Coupling aerosols to (cirrus) clouds in a global aerosol-climate model

Climatology of various cirrus properties derived from flight campaigns as compared with EMAC (MADE3) simulations: in-cloud ice water content (a), in-cloud ice crystal number concentration (b), and ice crystal mean-volume radius (c). The data are plotted as probability distribution functions in 1 K temperature bins in the model (top plot in each panel) and in the observations (middle plot). The bottom plots in each panel show the median (solid red line) and the 25=75 % quantiles (dashed red) of the model compared with the median (solid black line) and the 25=75 % quantiles (gray shading) of the observations (Righi et al., 2020).

The impact of aerosol on atmospheric composition and climate still represents one of the largest uncertainties in the quantification of anthropogenic climate change. This is particularly the case for modelling aerosol-cloud interactions, which requires a detailed knowledge of various processes acting on a wide range of spatial and temporal scales. While significant progress has been made in developing parameterizations for describing the aerosol activation process in liquid clouds in the framework of global models, the aerosol-induced formation of ice crystals in cirrus clouds is still poorly understood and only a few global models include explicit representations of aerosol-cloud interactions in the ice phase. This is due the high complexity of the freezing processes occurring in the ice phase, the uncertain properties of ice nucleating particles, and the competition between homogeneous and heterogeneous freezing at cirrus conditions.
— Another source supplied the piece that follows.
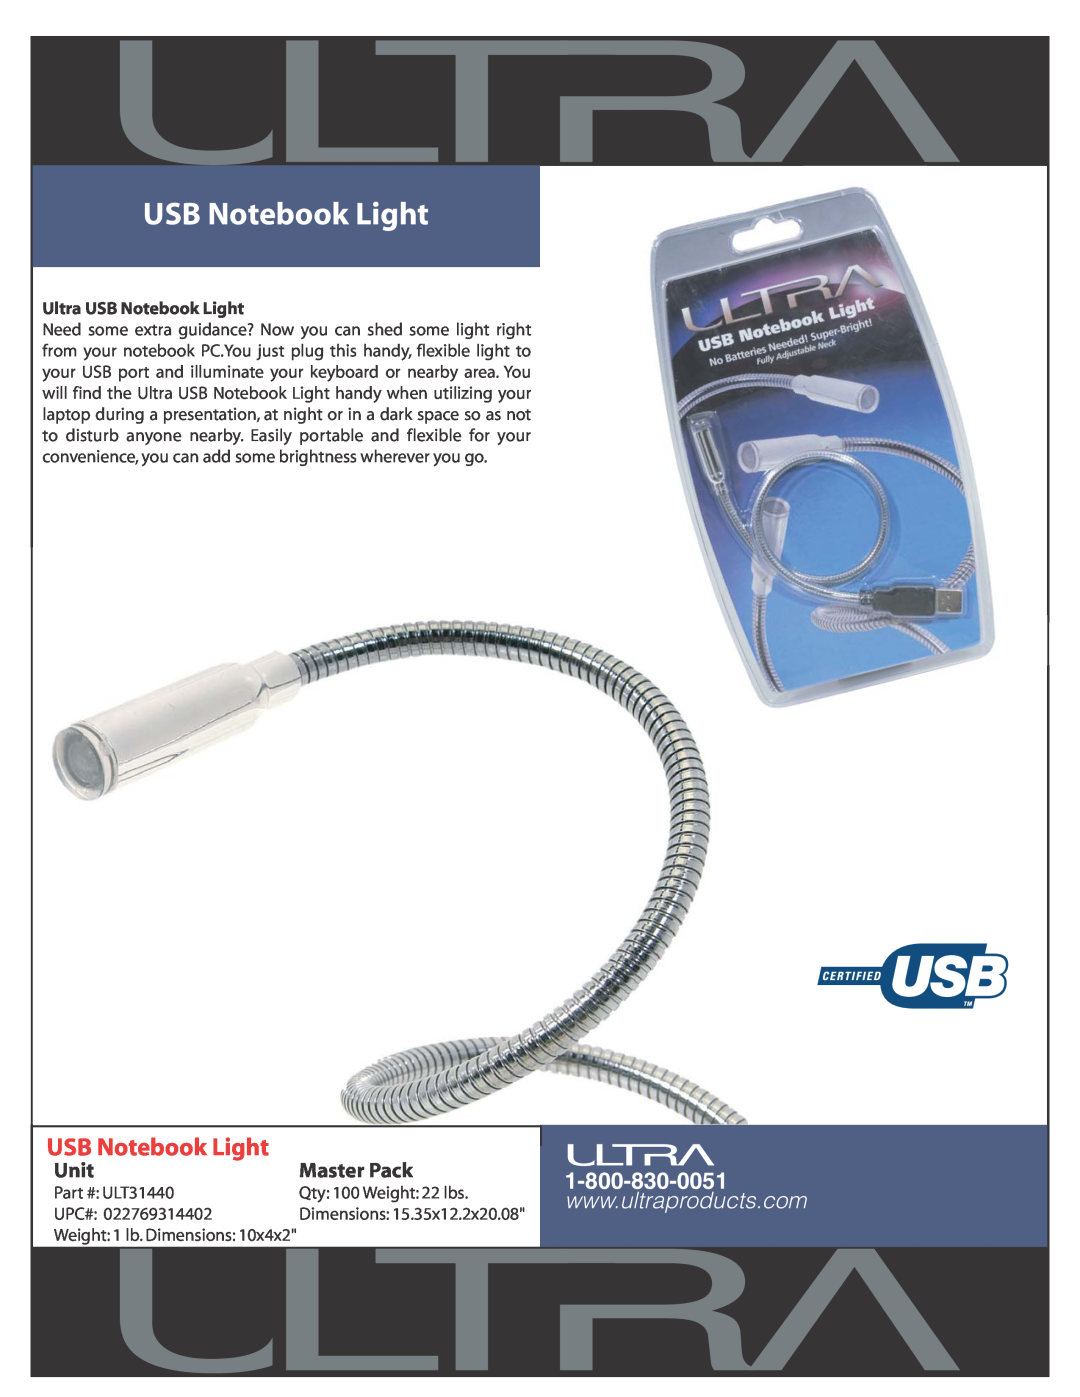 Ultra Products ULT31440 dimensions Unit, Master Pack, Ultra USB Notebook Light, Qty 100 Weight 22 lbs, Upc# 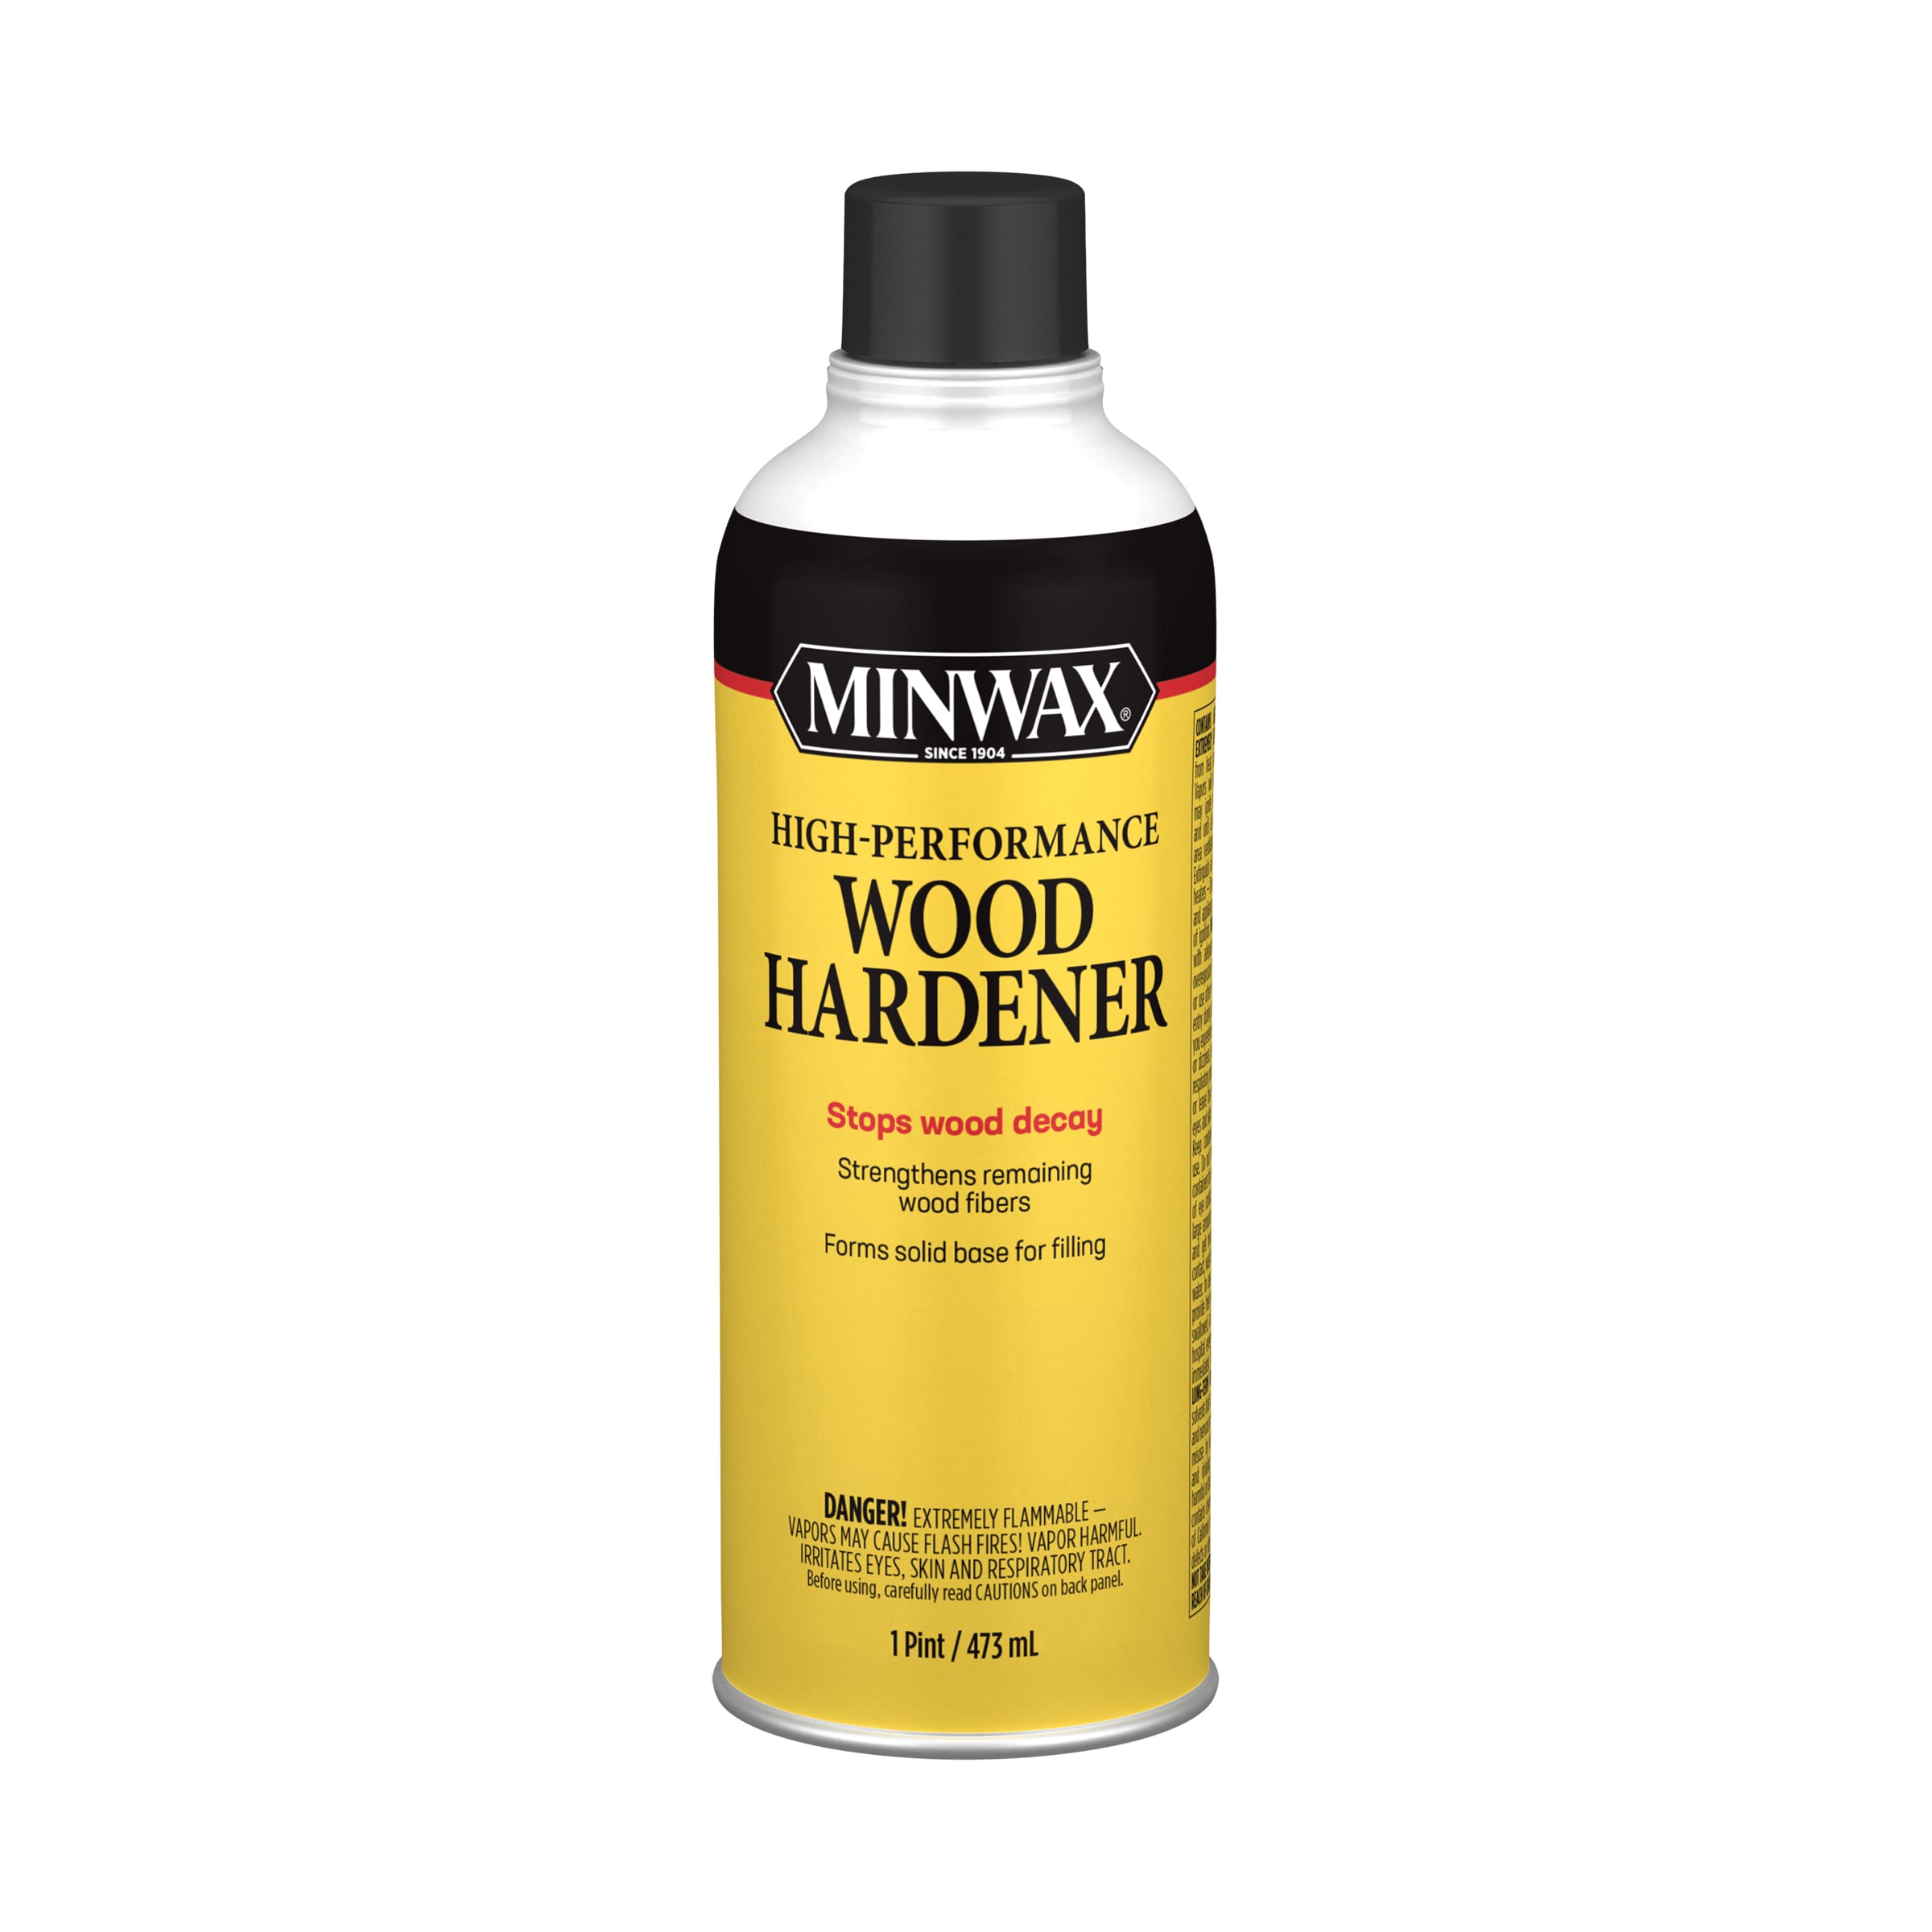 Question on Minwax wood hardener - Fit and Finish - Bladesmith's

To tackle this issue, a new cloud microphysical scheme, including a detailed parameterization for aerosol-driven ice formation in cirrus clouds, has been implemented in the global chemistry climate model EMAC and coupled to the aerosol submodel MADE3. The new scheme is able to consistently simulate three regimes of stratiform clouds (liquid, mixed- and ice-phase/cirrus clouds), considering the activation of aerosol particles to form cloud droplets and the nucleation of ice crystals. In the cirrus regime, it allows for the competition between homogeneous and heterogeneous freezing for the available supersaturated water vapor, taking into account different types of ice-nucleating particles, whose specific ice-nucleating properties can be flexibly varied in the model setup.

The new model configuration has been tuned to find the optimal set of parameters that minimizes the model deviations with respect to observations. A detailed evaluation has been performed comparing the model results for standard cloud and radiation variables with a comprehensive set of observations from satellite retrievals and in-situ measurements. The performance of EMAC-MADE3 in this new coupled configuration was found to be in line with similar global coupled models and with other global aerosol models featuring ice cloud parameterizations. Some remaining discrepancies, namely a high positive bias in liquid water path in the northern hemisphere and overestimated (underestimated) cloud droplet number concentrations over the tropical oceans (in the extra-tropical regions), which are both a common problem of this kind of models, need to be taken into account in future applications of the model.

To further demonstrate the readiness of the new model system for application studies, an estimate of the anthropogenic aerosol effective radiative forcing (ERF) has been provided, showing that EMAC-MADE3 simulates a relatively strong aerosol-induced cooling, but within the range reported in the IPCC AR5 and in other, more recent, assessments.

Righi, M., Hendricks, J., Lohmann, U., Beer, C. G., Hahn, V., Heinold, B., Heller, R., Krämer, M., Ponater, M., Rolf, C., Tegen, I., and Voigt, C. (2020): Coupling aerosols to (cirrus) clouds in the global EMAC-MADE3 aerosol–climate model, Geosci. Model Dev., 13, 1635–1661, https://doi.org/10.5194/gmd-13-1635-2020.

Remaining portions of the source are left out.